Throughout the 1970s and 1980s Pinter stayed involved with the theater. He directed productions of several plays, including his own. He appeared in a production of his play Old Times in 1985. And he continued to write plays, including No Man's Land (1975), Betrayal (1978), and One for the Road (1984). Pinter based Betrayal (1978) on his own affair with television personality Joan Bakewell. By 1975 Pinter was also involved with biographer Antonia Fraser, who became his second wife in 1980.

Although Pinter always had a passion for political engagement, his later work dealt with political issues more openly. His play Mountain Language (1988), written after a visit to Turkey with American playwright Arthur Miller, dramatized the plight of Turkey's Kurdish people. Other plays dealt with topics such as censorship and class struggles. His poems often took strong political stances. The poetry collection War (2003) expressed his outrage at Great Britain's involvement in armed conflict.

Political Activism and Artistic Legacy

Pinter was both a writer and a dedicated activist. In the 1970s he spoke out against the Vietnam War (1955–75) and American election intervention in Chile (1963–73). He later publicly opposed the Gulf War (1990–91), the North Atlantic Treaty Organization (NATO) bombing of Serbia (1999), and the 2003 American invasion of Iraq, in which the United Kingdom participated. Friends and colleagues recall Pinter's outrage at any form of injustice or warfare.

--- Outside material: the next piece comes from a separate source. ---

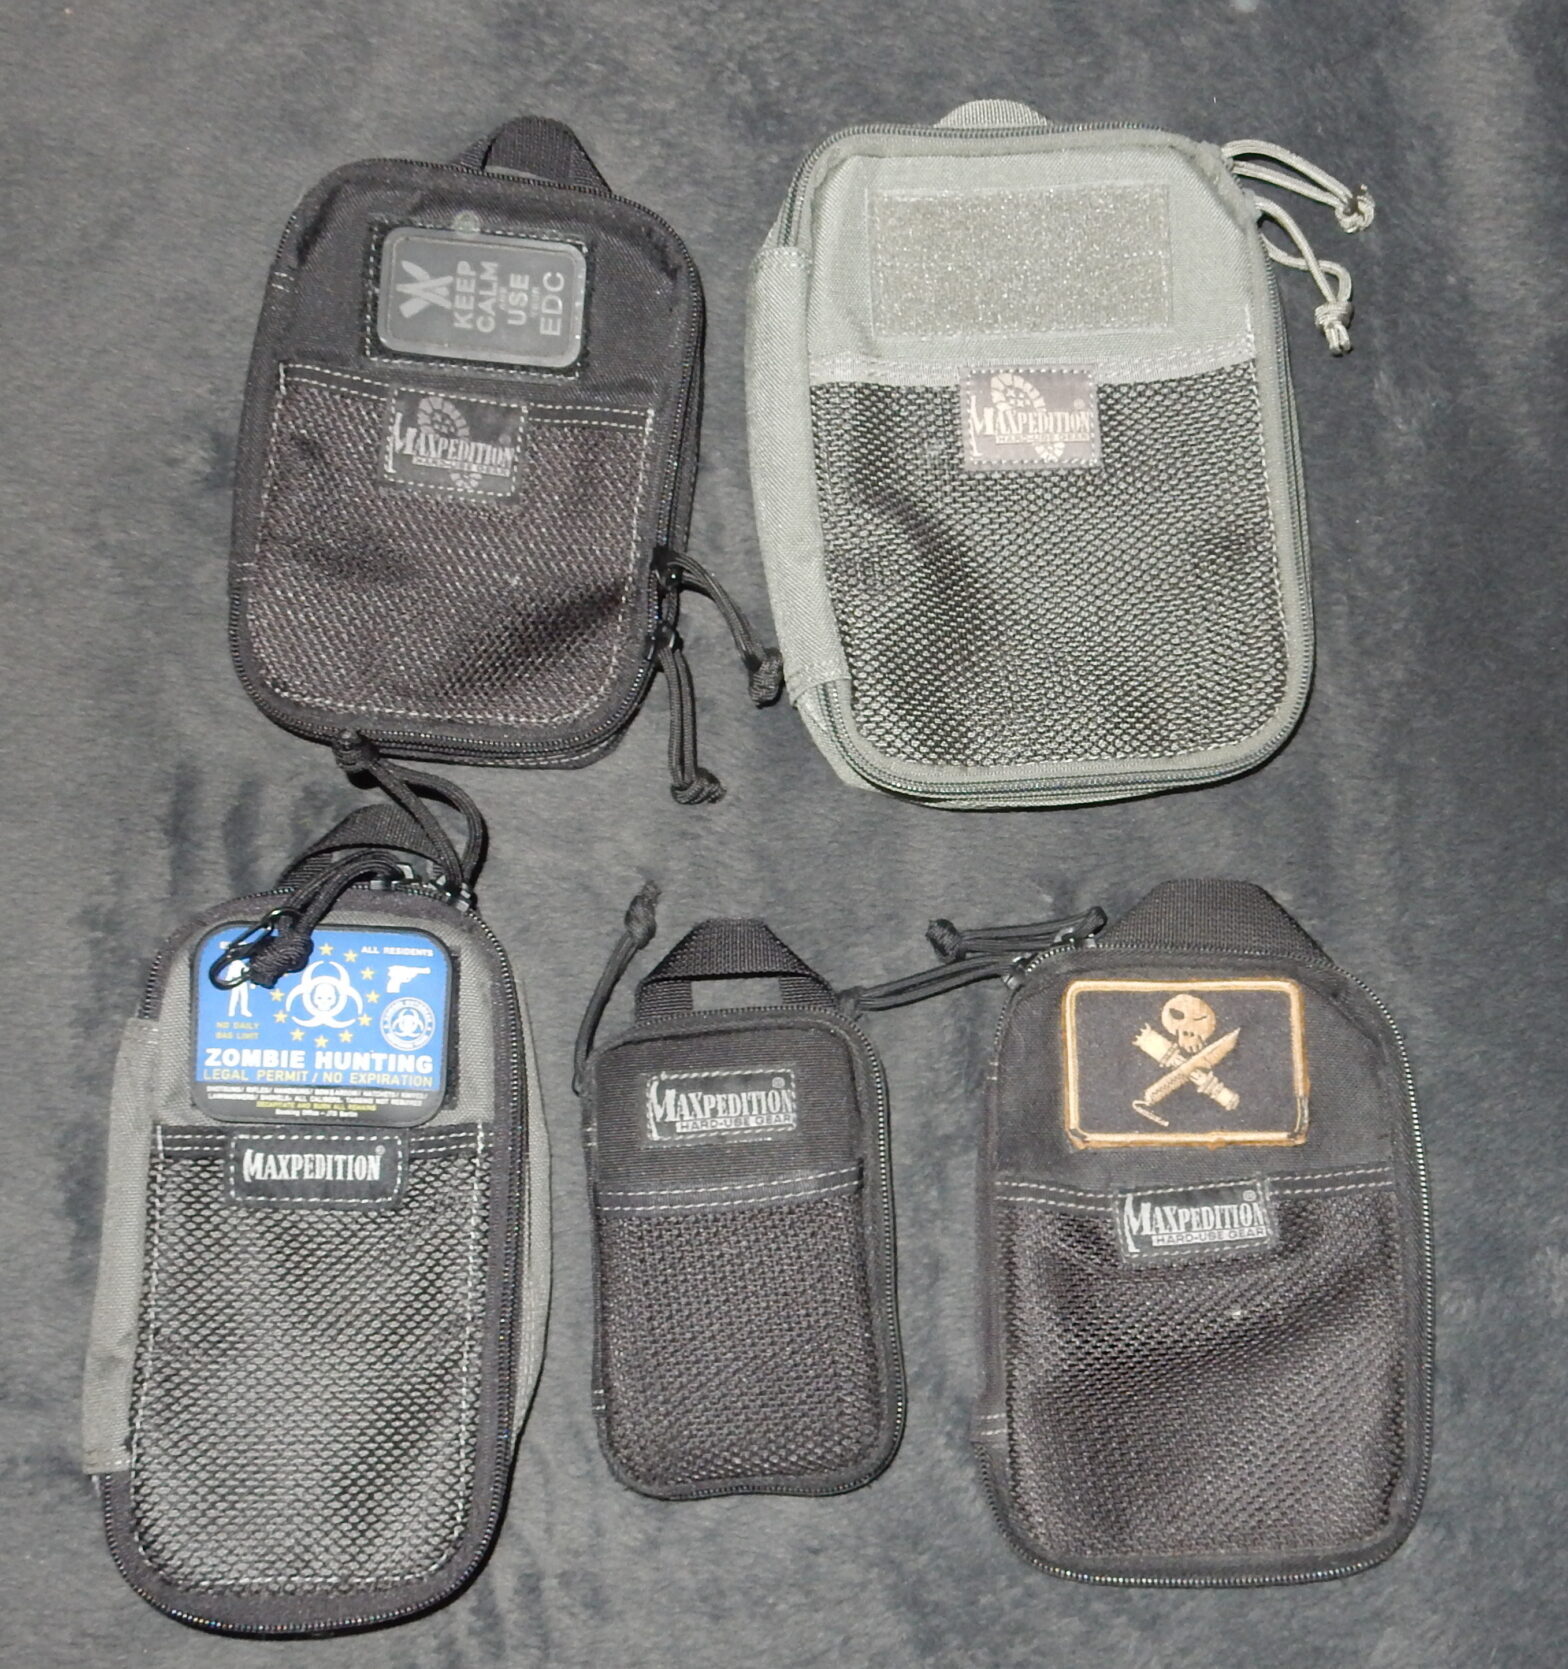 “Which MAXpedition pocket organizer fits?”

As a writer Pinter noticed how political leaders used language. He felt powerful Western governments used words such as freedom and democracy to claim their own superiority and manipulate their citizens. Pinter described himself as "deeply engaged in art and deeply engaged in politics." In 2005 he retired from playwriting and devoted himself full time to activism and poetry.

In 2005 Pinter also won the Nobel Prize in Literature. He received many other awards for his work including the French Legion of Honor, Hamburg's Shakespeare Prize, and Vienna's European Prize for Literature. Pinter's death from cancer on December 24, 2008, marked the end of a long, passionate, and influential career. Younger writers such as Czech British playwright Tom Stoppard and American playwright David Mamet adopted Pinteresque techniques. Actors around the world continue to perform Pinter's plays as important landmarks in drama.